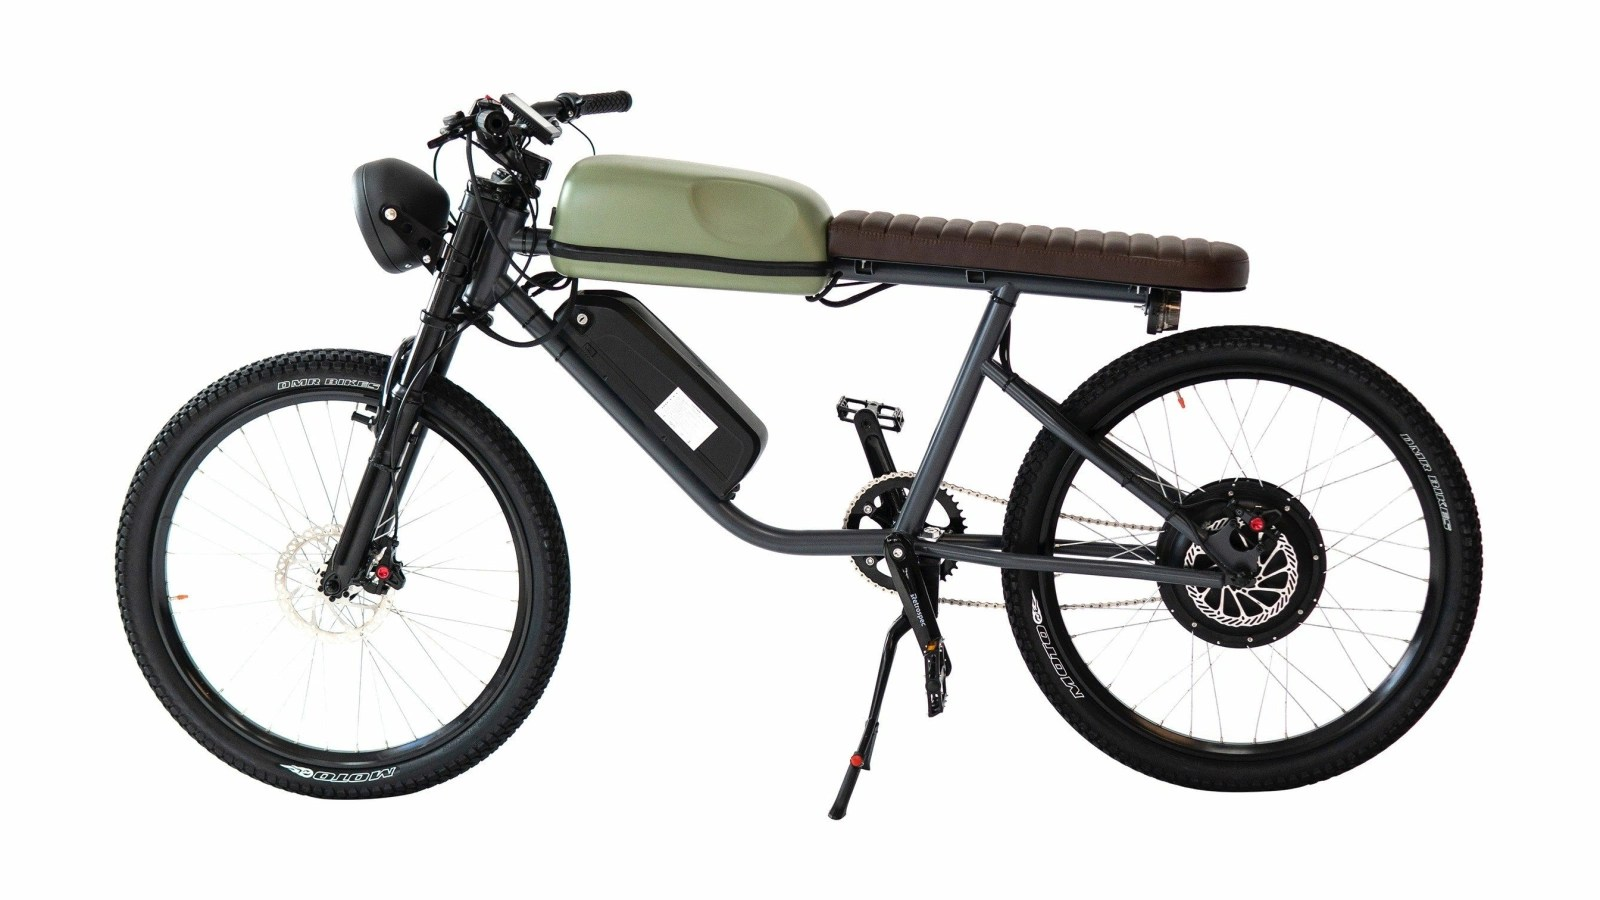 Titan R E Bike Mit 1 000 Watt Motor Fur 2 600 Euro
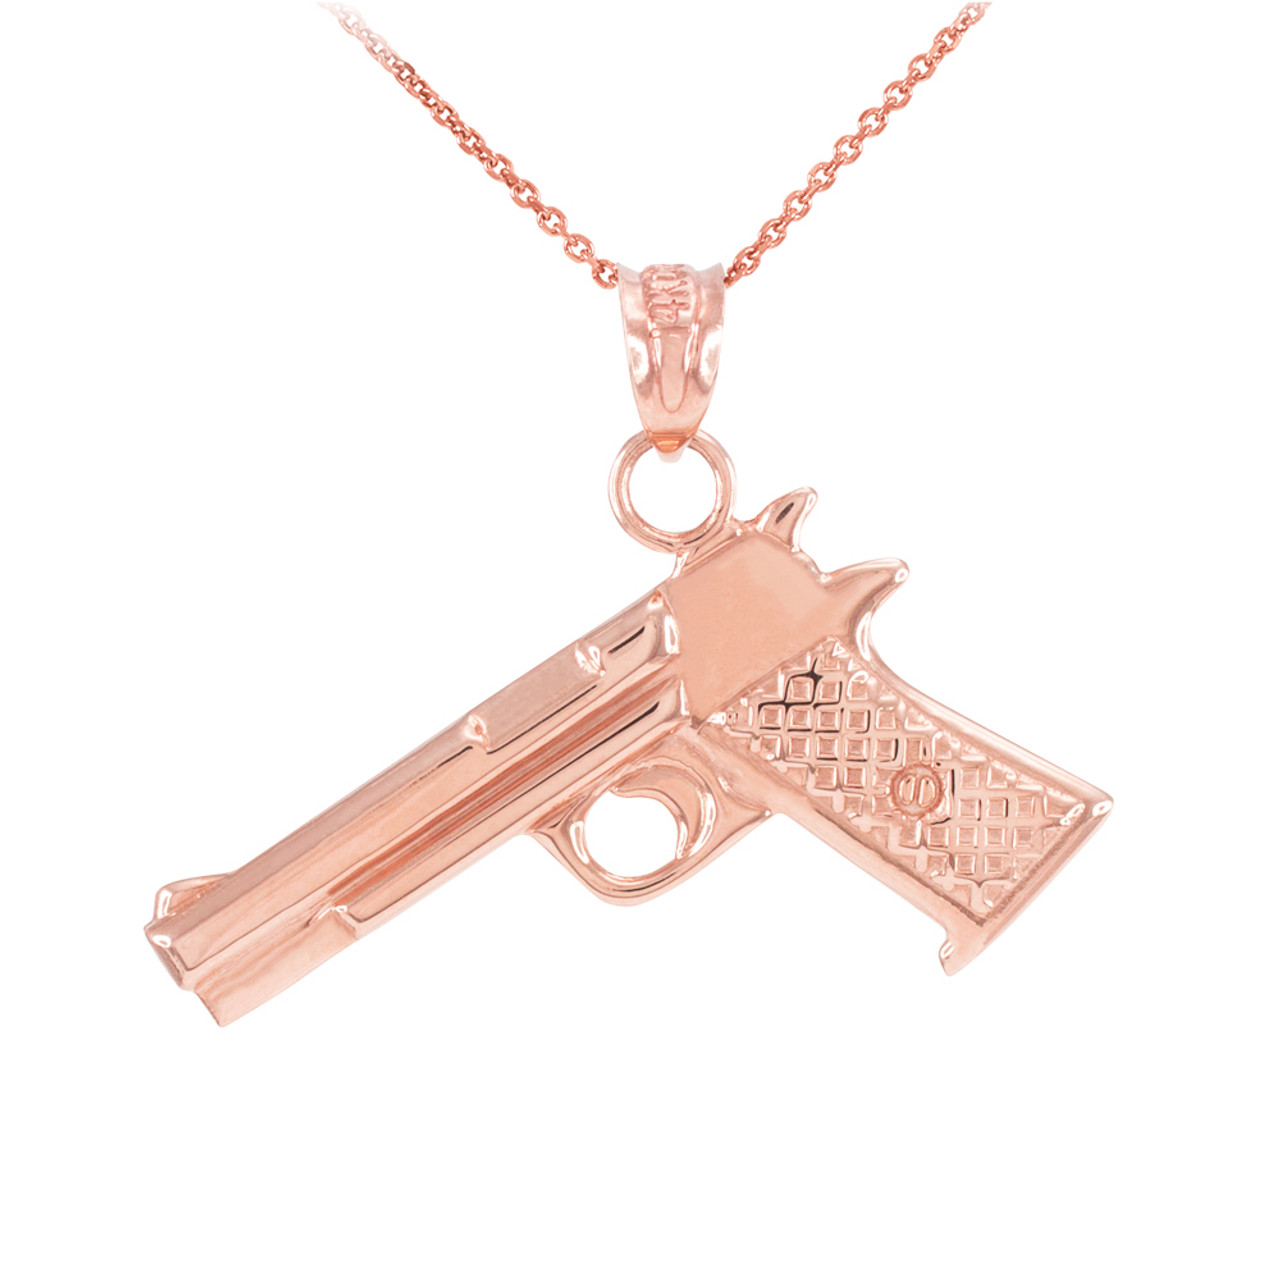 Solid Rose Gold Desert Eagle Pistol Gun Pendant Necklace
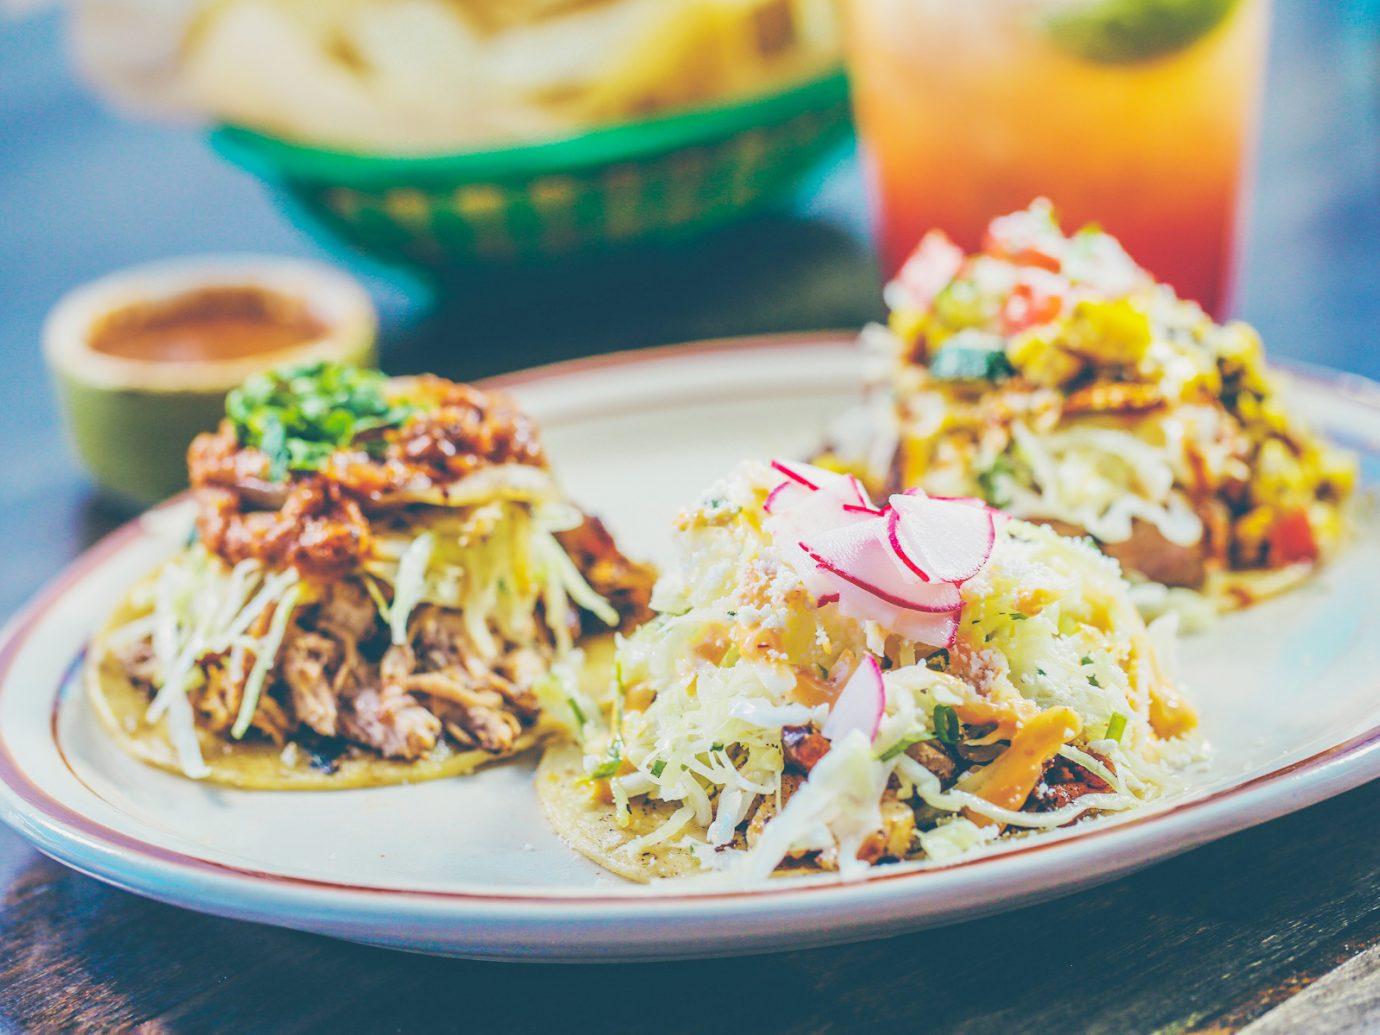 Plate of tacos from Los Chingones in Denver Colorado

→ Problem details
Without including any picture, copy the listing above exactly and in full.

→ Solution to this problem
 Titan R E Bike Mit 1 000 Watt Motor Fur 2 600 Euro
 Solid Rose Gold Desert Eagle Pistol Gun Pendant Necklace
 Plate of tacos from Los Chingones in Denver Colorado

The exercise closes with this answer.